Correct focusing of images in the eye is determined by the focusing power of the cornea and the lens of the eye in relation to the length of the eye. Either the cornea or the lens or both can be changed to correct errors of focusing (called refractive errors) such as nearsightedness, farsightedness, or astigmatism. A "cataract" is a clouding of the natural lens in the eye and modern treatment of cataract involves removing this clouded lens and replacing it with an artificial lens called a lens implant. Exactly the same operation can be done when the lens is not clouded in order to change the power of the lens as a way to correct nearsightedness or farsightedness. This is called Refractive Lens Replacement.

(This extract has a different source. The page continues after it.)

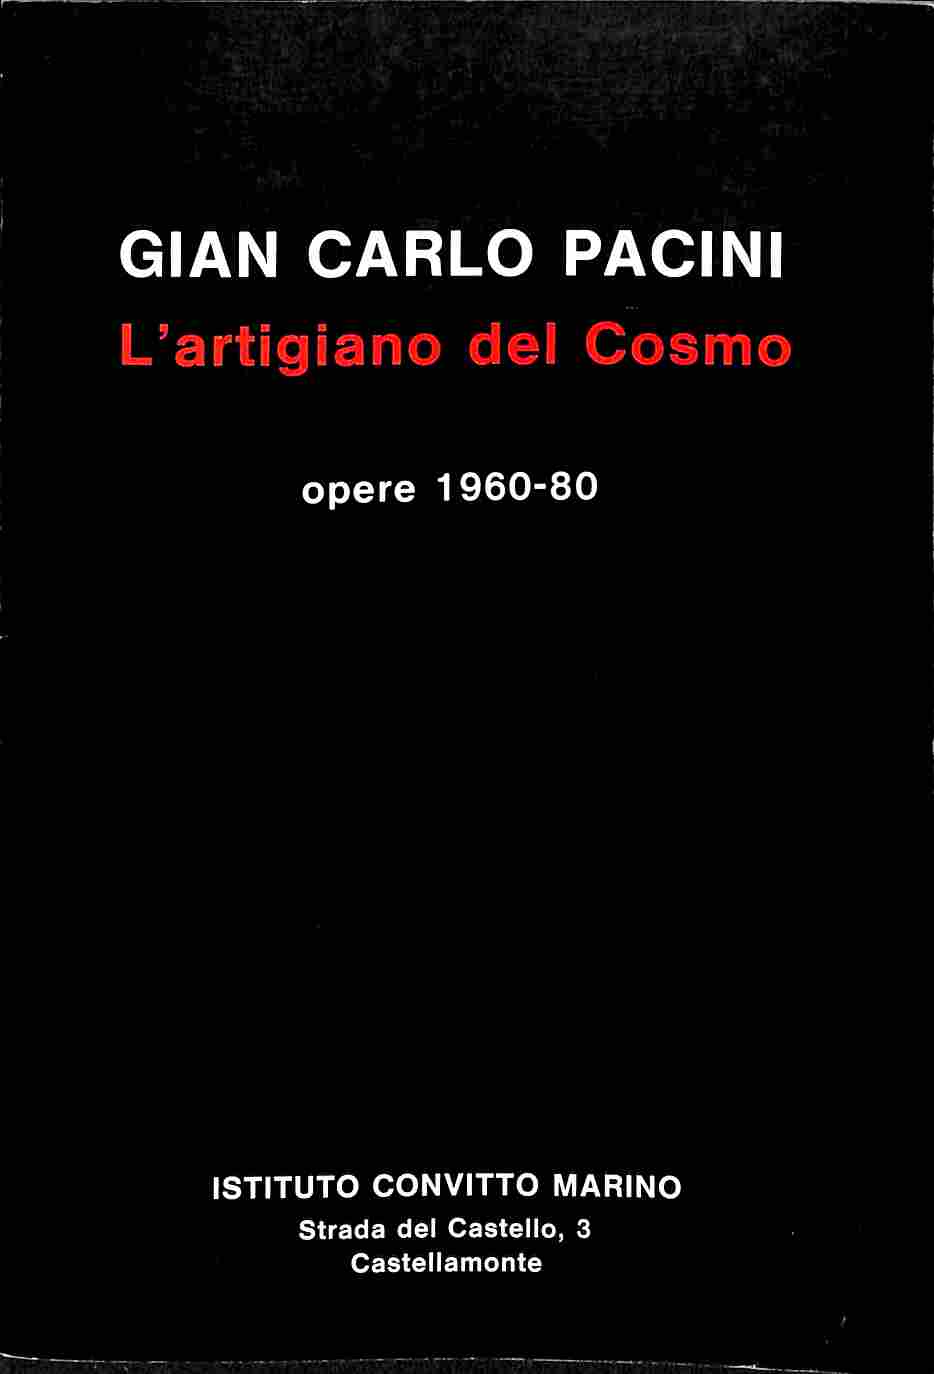 Gian Carlo Pacini. L'artigiano del Cosmo - opere 1960-80

For a relatively high amount of farsightedness (hyperopia) refractive lens replacement is, in our opinion, the only good surgical choice at this point in time. Depending on individual considerations, it may be the best procedure for any degree of hyperopia and perhaps for some cases of extreme myopia. Refractive lens replacement is less likely to produce side effects such as starburst, glare, halos, and decreased night vision than any of the corneal procedures. Most patients have none of these side effects after refractive lens replacement, but they remain possibilities.
Since refractive lens replacement requires surgery inside the eye and not just on the cornea, it can be associated with some potentially severe complications rarely if ever seen following any of the corneal procedures (e.g. LASIK, ALK, RK, PRK). These include, but are not limited to:
1. Infection inside the eye (endophthalmitis). We estimate the probability of this to be less then 1 in 2,500, but if it occurs it is very serious and can cause loss of vision or blindness if unsuccessfully treated.
2. Retinal detachment. We estimate the probability of this to be about 1 in 1,000 cases in hyperopic patients, but considerably more likely in myopes and especially high myopes where it may reach a likelihood of as high as 4 to 5 in 100. Retinal detachments tend to occur in high myopes even if they have no surgery. The probability of retinal detachment increases if a capsulotomy (see "6" below) is needed. A capsulotomy is necessary in 30% to 50% of young patients who undergo lens replacement. Some retinal detachments can be successfully treated, but not all and this can result in severe loss of vision or blindness.
3. Cystoid Macular Edema. This is a swelling in the layers of the center part of the retina which can occur after any type of surgery inside the eye, including refractive lens replacement. It seems more likely with increasing age. It may occur to some degree in several out of every 100 eyes. Fortunately it usually gets better with time, but it can delay the return of good vision and sometimes does not get better and can result in permanent decreased vision.
4. Damage to the iris or pupil. This is not likely, but can occur. It if should, it can interfere with the best possible vision and can produce severe glare, light sensitivity, and a cosmetically displeasing appearance to the eye.
5. Eye pressure. There is commonly some fluctuation of the eye pressure following refractive lens replacement in the first few days or weeks following surgery. Rarely the pressure can remain elevated and result in the eye disease called "glaucoma".
6. Need for capsulotomy. In about 1 out of 2 to 3 eyes following refractive lens replacement the "capsule" behind the implant becomes clouded to some degree. This is usually very easy to correct using the YAG laser, but having the capsule opened is felt to increase the risk of cystoid macular edema and retinal detachment.
7. Effect on accommodation. (See "Presbyopia" section). The ability to focus at different distances automatically in young people is done by the natural lens of the eye. Following refractive lens replacement, this ability is gone and the resulting effect must be understood. In patients near or over 40, this changing focus ability is already decreased or lost and is not generally much of an issue. It is, however, an important consideration, especially in younger people. This surgery creates "instant presbyopia" and unless it is compensated for by monovision there will be a need to use glasses for near tasks such as reading. If you are a candidate for Refractive Lensectomy, you will be given a separate booklet to study.